# 3 more off the rack



## fugarwi7 (Sep 20, 2006)

These took longer than I expected, but I was experimenting with lip/line tie designs and I went much slower. If you check out the close-up line tie pictures below the first picture, you will see three different designs. The first one is probably the most conventional, the second is the staple design and the third was done with a two piece lip with a screw eye as a line tie. Check them out. As I was learning more about lexan and its limits, I discovered a few things. We all know how tough it is, but I found out just how tough. If you look closely at the two part lip, you will notice 3 distinct drill marks going through the lip. One has a broken screw eye in it, even though the hole was pre drilled. The next one has a broken drill bit in it and the third is the line tie that finally worked...tough stuff to say the least! On my test eye, I clamped vise grips on the screw eye to see if I could pull it out of the lip and the eye opened but never moved from the hole...I think it will hold up to any fish!! Another thing I discovered was quite by accident but I liked the result when all said and done. Look closely at the edge of the lip. On two of the three, they will appear more glossy and clear and the other is duller. When I was gluing the two piece lip together on my practice lip, some of the glue ran over the edge of the lip and "glossed it up", which I liked. So I did that on two of these to show you guys. I wiped it on with a Q-tip and it hides the dull, sanded edge...I will go back and do this on all of my already made lures. What do you guys think?

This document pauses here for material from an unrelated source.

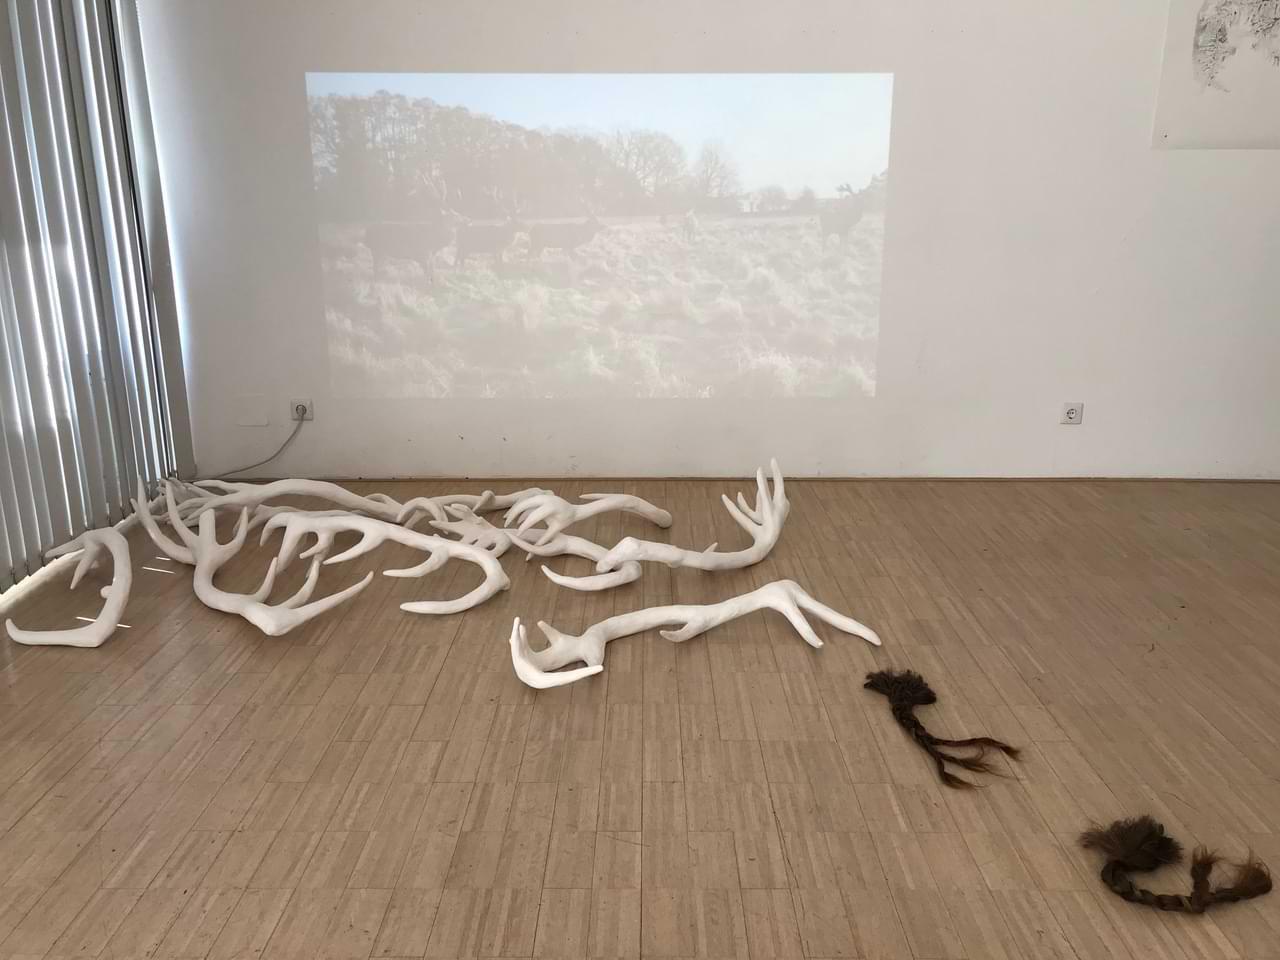 Contemplations-Gedok-Stuttgart-2-2018-performance-video-urban-landscape-deer-hirsche-malerei-painting-zeichnung-drawing-linoldruck-linoprint-installation-gipsskulpturen

The top is a two toned orange (pearl tangerine with flo orange top, bottom and head with some white highlights, the middle painted in a blue "wild thing" pattern, both with glitter fleck in the top coat. The bottom one has olive foil over a copper body...although the picture sucks, the lure has a very natural flash and color...a combo of perch and gold shiner colors with a scaled back and tiger bars. (you get a glimpse of the foil effect on the close up lip picture above the gill)


----------



## flattiesinohio (Sep 30, 2007)

first let me start by saying i know nothing of lures just what i see and hear on here...lol....and that you make some nice lures!!!!!but i also wanted to ask about the first lip tie isn't that a little weak looking what i mean is if you hook into a large fish by the back trouble hook wouldn't it snap the lip...or pull threw?


----------



## etch (Oct 13, 2007)

awesome baits fug, you are going to slay the eyes with those bad boys!!!

Etch


----------



## Swede (Jan 17, 2008)

Nice ones especially the blue one ,bet you´ll catch plenty using them


----------



## vc1111 (Apr 13, 2004)

Fug, those are beautiful. I also like that blue one.

I always enjoy reading about experiments like these, especially with the lip because the lip is such a critical part of the entire bait.

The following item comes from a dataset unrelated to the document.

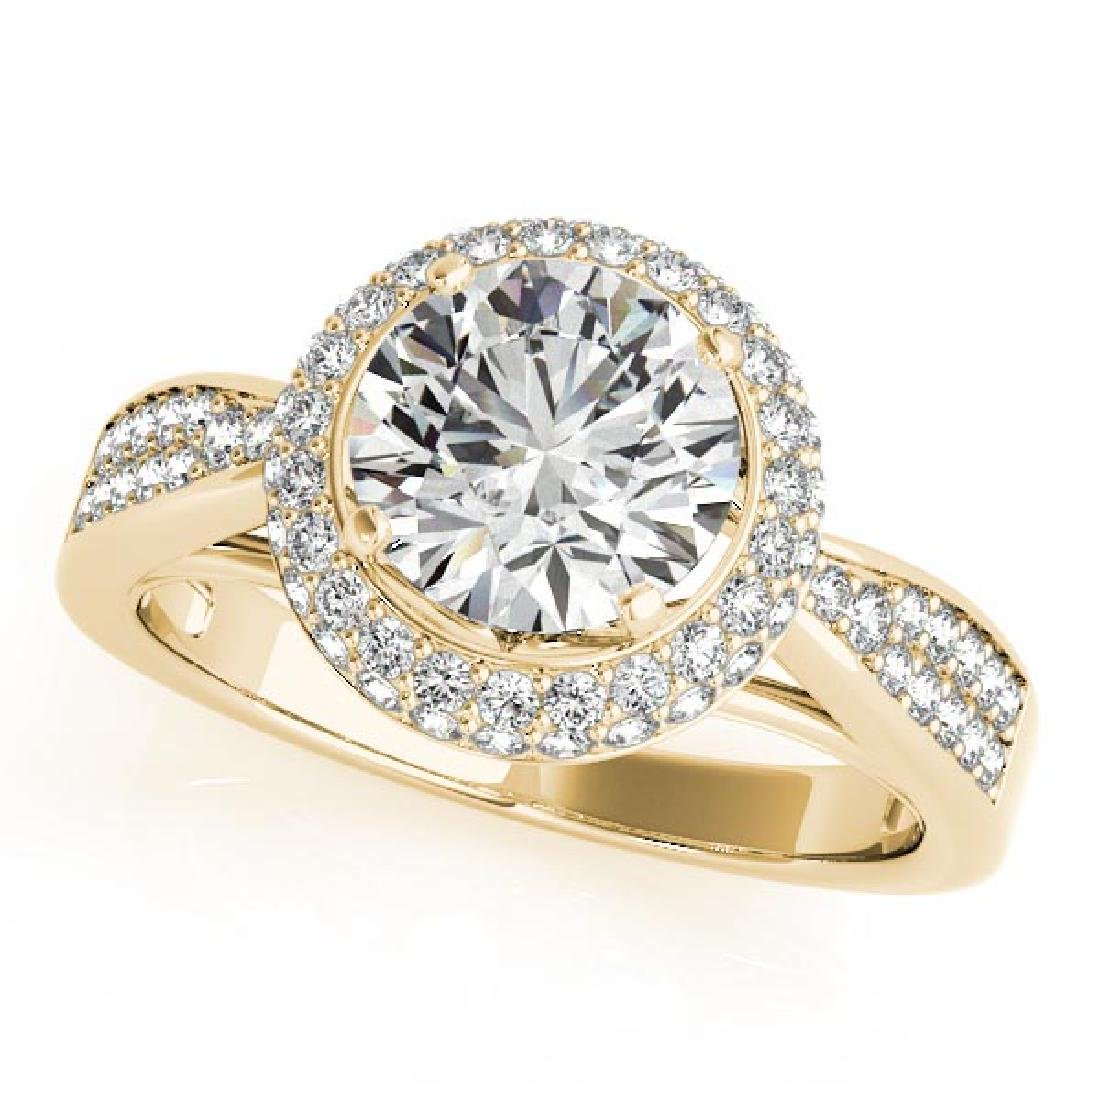 CERTIFIED 18K YELLOW GOLD 0.86 CT G-H/VS-SI1 DIAMOND HA

The polycarbonate is some really impressive stuff when you think about it. It is the same stuff that is used for bullet-proof glass and it has a wide range of uses.

I've also used epoxy to render the edges of the lip super-clear as you did. Of course, without that treatment the rough edges turn crystal clear once they enter the water anyway, but it is one of those things that a lot of builders strive for...an attempt to build a perfect bait with a lot of extra touches.

Great work as always.

I recently found something that really surprised me. Instead of using a finer belt on the belt sander when making lips, I went ahead and used an 80 grit belt and figured that I'd just polish them later or hit the edges with some epoxy. However, the 80 grit actually super-heated the edge of the lip as I was shaping it, and ever-so-slightly melted the edges, rendering them very smooth and almost perfectly crystal clear; no sanding or epoxy was needed.

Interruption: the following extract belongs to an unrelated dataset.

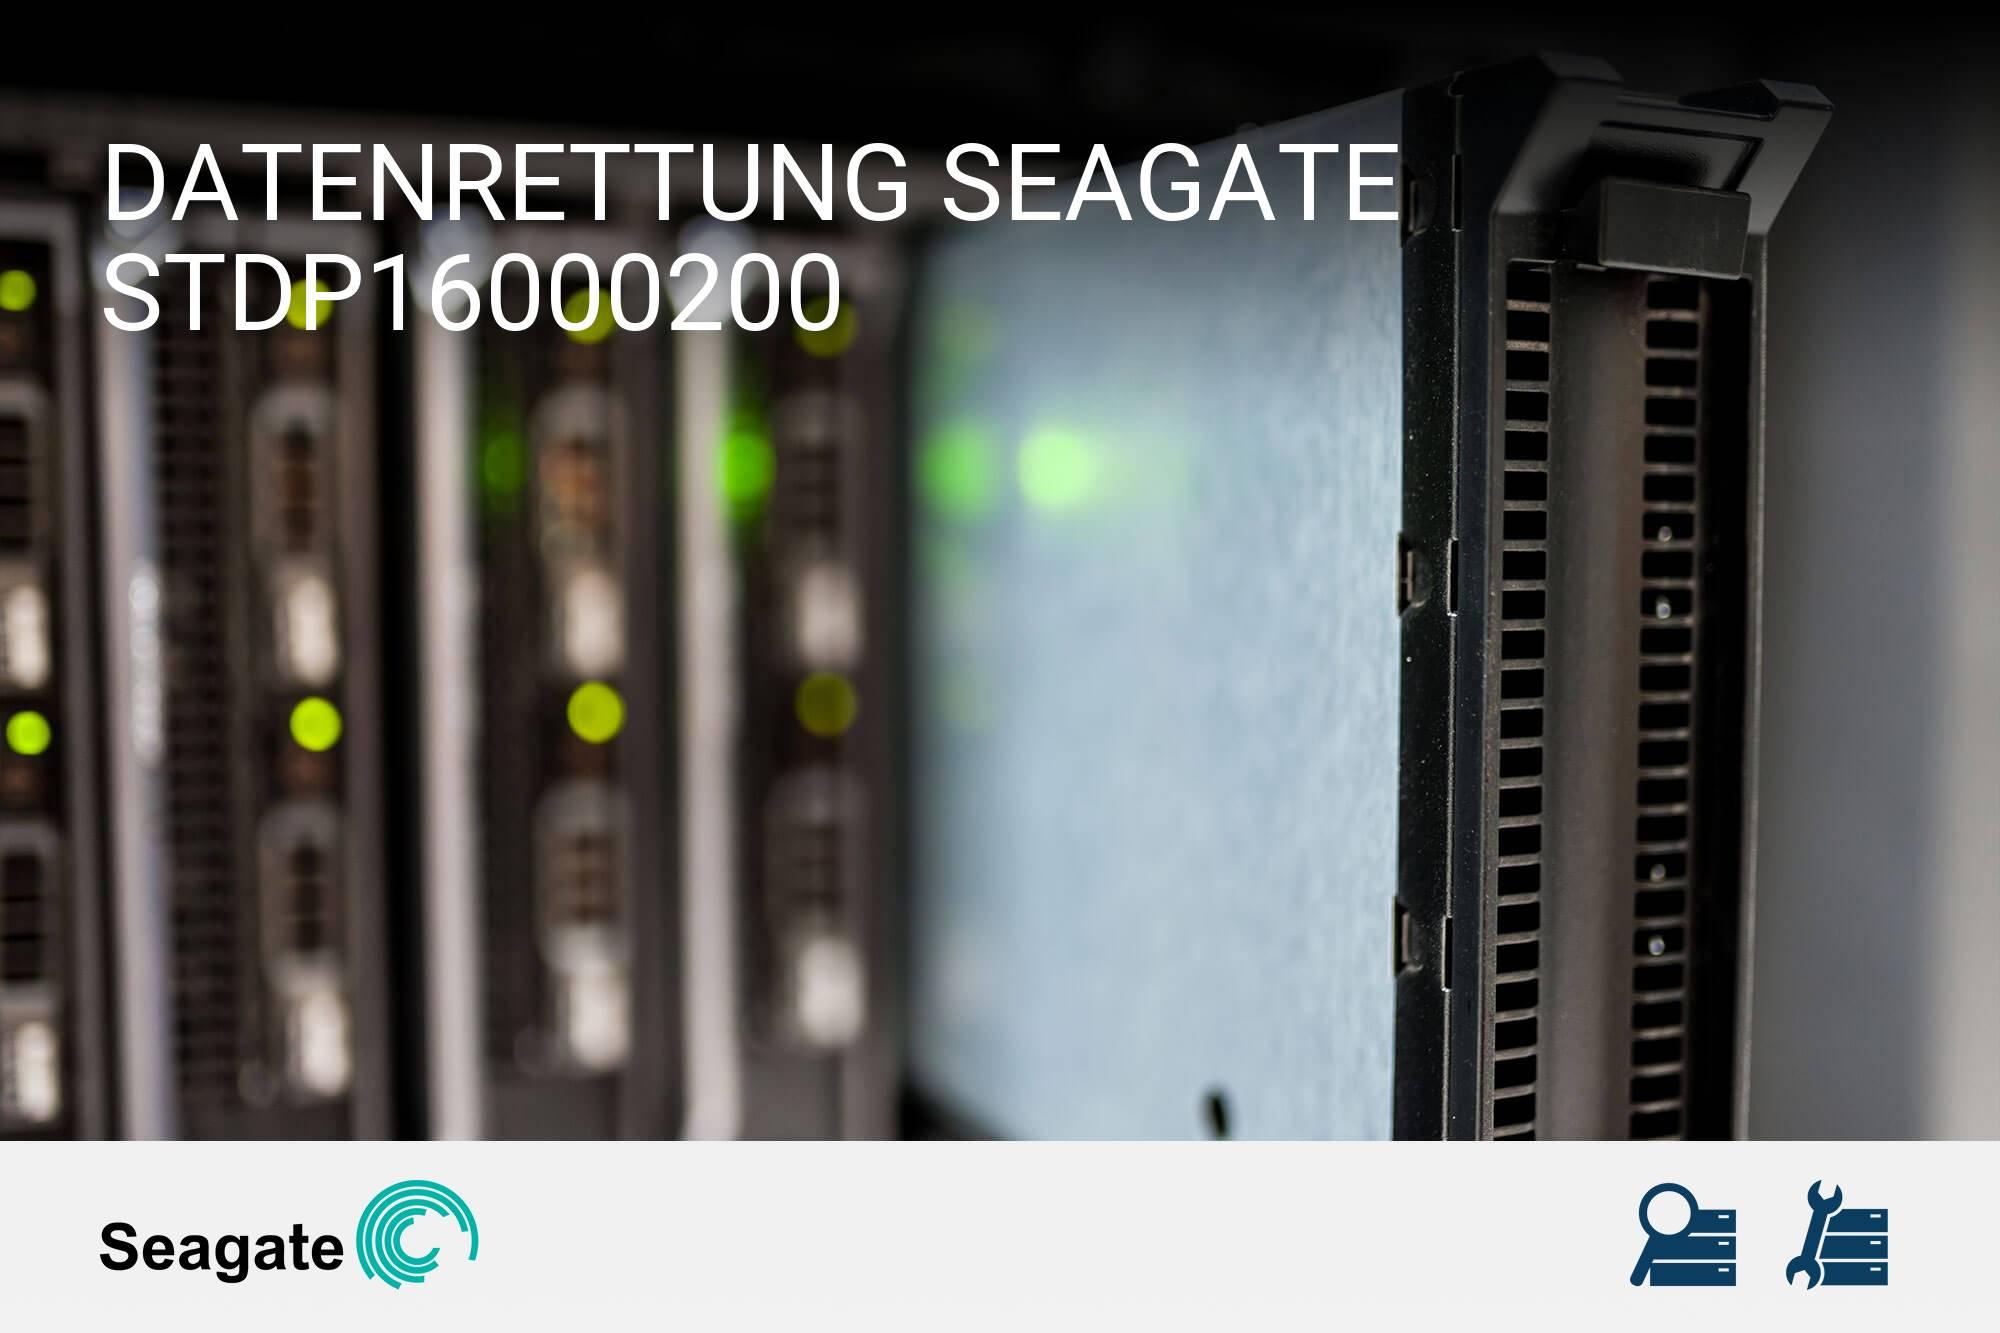 Seagate STDP16000200

Try that when you get a chance. I think you'll like it.

I also like the reinforced lip that you made and the idea of using a screw eye for the line tie. I'm sure it would be a very strong link in the process and your tests which rendered the stainless without affecting the lip is what I would have expected. I'd bet that the same assembly would hold up under almost all musky conditions too, (probably all musky conditions if you use a reasonable amount of the capacity of your reel's drag...as you should anyway to prevent having the hooks straighten out during the fight or the hole from the hook widening in the fish's mouth during the fight.)


----------



## fugarwi7 (Sep 20, 2006)

vc1111 said:


> I've also used epoxy to render the edges of the lip super-clear as you did. Of course, without that treatment the rough edges turn crystal clear once they enter the water anyway, but it is one of those things that a lot of builders strive for...an attempt to build a perfect bait with a lot of extra touches.
> 
> Great work as always.
> 
> ...


Thanks guys for your comments. Vince, just to clarify, I used polycarb liquid glue rather than epoxy on the edges...it dries about as fast as it goes on and is very liquid, like water...the risk is it is very aggresive so any splash or excess will mar the lip where ever it lands. Your comment on the lip going clear in the water makes me laugh and got me thinking about the reality of lures (bought or made)...do any lure makers actually try to catch fish or just fishermen...gotta look good out of the water for the best catch!! HAHA  
I also rough shape the lips with 80 on my 1" belt, but haven't had it burn in...then I follow with 120, 320 wet and 600 wet for final sand...the lexan glue glosses from there nicely. 
The two part lip was a test...I will not make another one with this design until I can field test it...it is a lot more work to shape both pieces and glue them up in perfect alignment so it tightly fits the lure body, but I do like the looks of the finished product...I can't wait until the lake opens up for some time with these baits behind the boards...c'mon spring!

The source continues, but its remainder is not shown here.